Oleh: Zulkifli S Ekomei *
WAHAM kekuasaan? Barang kali istilah yang tidak pernah ditemukan pada tulisan manapun, seperti halnya istilah UUD Palsu (sebutan untuk UUD 1945 hasil perubahan atau tepatnya penggantian). Ya ibarat orang buang angin, tidak ada bentuknya tapi ada baunya, bau busuk yang mengganggu pikiran orang-orang waras dan hanya orang waras yang bisa menangkap makna tersirat dari istilah waham kekuasaan dan UUD Palsu.
Dalam ilmu kedokteran jiwa, dikatakan bahwa waham sering dijumpai pada penderita gangguan mental yang merupakan salah satu dari gejala gangguan isi pikir. Waham merupakan keyakinan palsu yang timbul tanpa stimulus yang cukup dan mempunyai ciri-ciri: “tidak realistik.”
Waham atau yang juga kerap disebut dengan delusi ialah kondisi ketika seseorang mempercayai sesuatu yang keliru. Meskipun sudah banyak bukti yang menunjukkan bahwa apa yang dipercayainya tidak sesuai dengan kenyataan. Seseorang yang mengalami delusi tetap akan bertahan pada pemikirannya.
Entah karena kebetulan atau memang disiapkan oleh “tangan-tangan yang tidak terlihat”, Presiden yang terpilih berdasarkan UUD’45 Palsu ternyata disinyalir mengalami waham. Ada waham kebesaran, ada waham curiga, dll sehingga tindakannya terkesan berlebihan dan tidak terukur serta sulit difahami orang waras.

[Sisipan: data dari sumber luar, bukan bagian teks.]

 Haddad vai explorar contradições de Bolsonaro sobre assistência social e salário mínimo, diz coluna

Hal mendasar yang terjadi akibat diberlakukannya UUD 2002 atau UUD ’45 Palsu adalah pemilihan presiden langsung (Pilpressung), bukan Pilpres di MPR yang menurut UUD 18 Agustus 1945 adalah pelaksana sepenuhnya kedaulatan rakyat dan menjadi tempat berhimpun wakil – wakil rakyat berdasar keterpilihan (anggota DPR) dan berdasar utusan seperti Utusan Daerah dan Utusan Golongan.
Karena dilaksanakan berdasar UUD ’45 Palsu maka lahirlah banyak kepalsuan dalam pelaksanaan proses berbangsa dan bernegara, misalnya, mau dikatakan bahwa presiden dan wakil presiden adalah pilihan rakyat, padahal selain hanya pilihan partai politik yang disodorkan ke rakyat seolah-olah pilihan rakyat, ia juga didukung oleh kekuatan modal yang dikumpulkan dengan cara-cara yang tidak benar atau lebih tepatnya via kejahatan keuangan.

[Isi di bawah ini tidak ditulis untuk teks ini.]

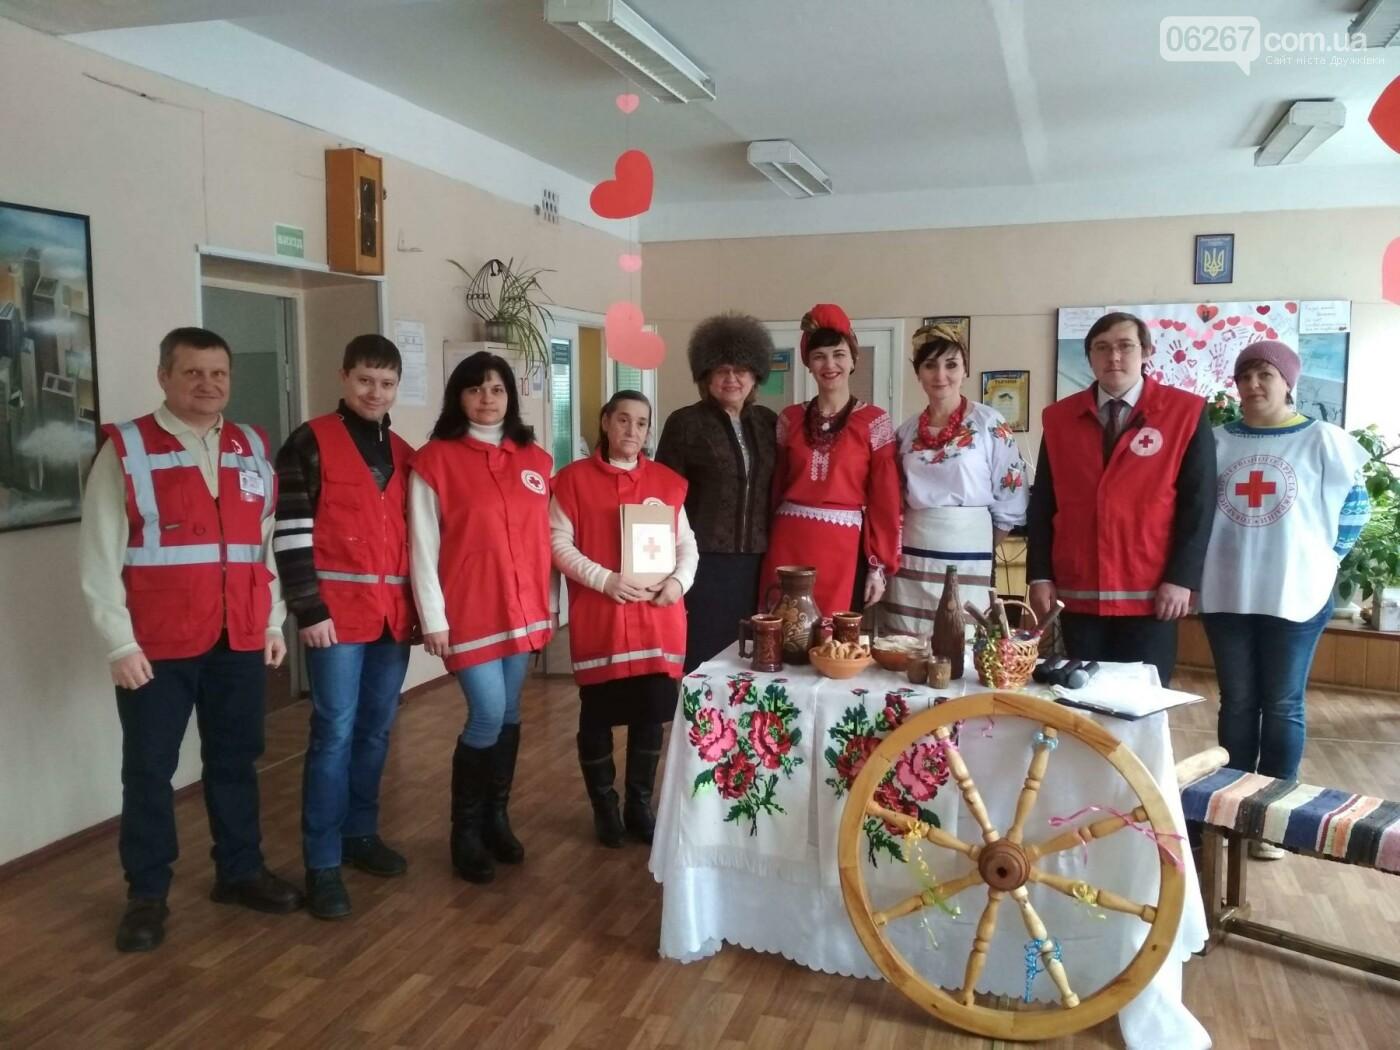 Студенты-строители в Дружковке отпраздновали Масленицу вместе с представителями Общества Красного Креста , фото-2

Kembali pada waham yang dialami oleh Presiden terpilih dari Pilpressung berdasar UUD ’45 palsu, sangat jelas terlihat pada Presiden yang kini sedang berkuasa. Melalui waham kekuasaannya, bisa mengatur semua lembaga negara khususnya yang bergerak di bidang hukum seperti Mahkamah Konstitusi, KPK, dll.
Waham kekuasaan ini makin parah ketika didukung oleh lingkungannya, seperti Ketua Umum Partai Politik, Guru Besar, Perwira Tinggi TNI – Polri, dan juga keluarganya.
Pertanyaan mendasarnya adalah, apakah kondisi sakit ini akan dibiarkan atau dihentikan?
Berpulang pada para pejuang yang ingin meneruskan cita-cita para pendiri negara, meski jumlahnya tidak banyak, namun diyakini didorongkan oleh keinginan luhur dan berkat Rahmat Allah YME. InsyaAllah akan berhasil, Aaamiiin Aaamiiin Ya Rabbal Alaaamiiin..
Pancoran, 31 Desember 2023, ditulis untuk mengajak seluruh Bangsa Indonesia berpikir dan bertindak waras.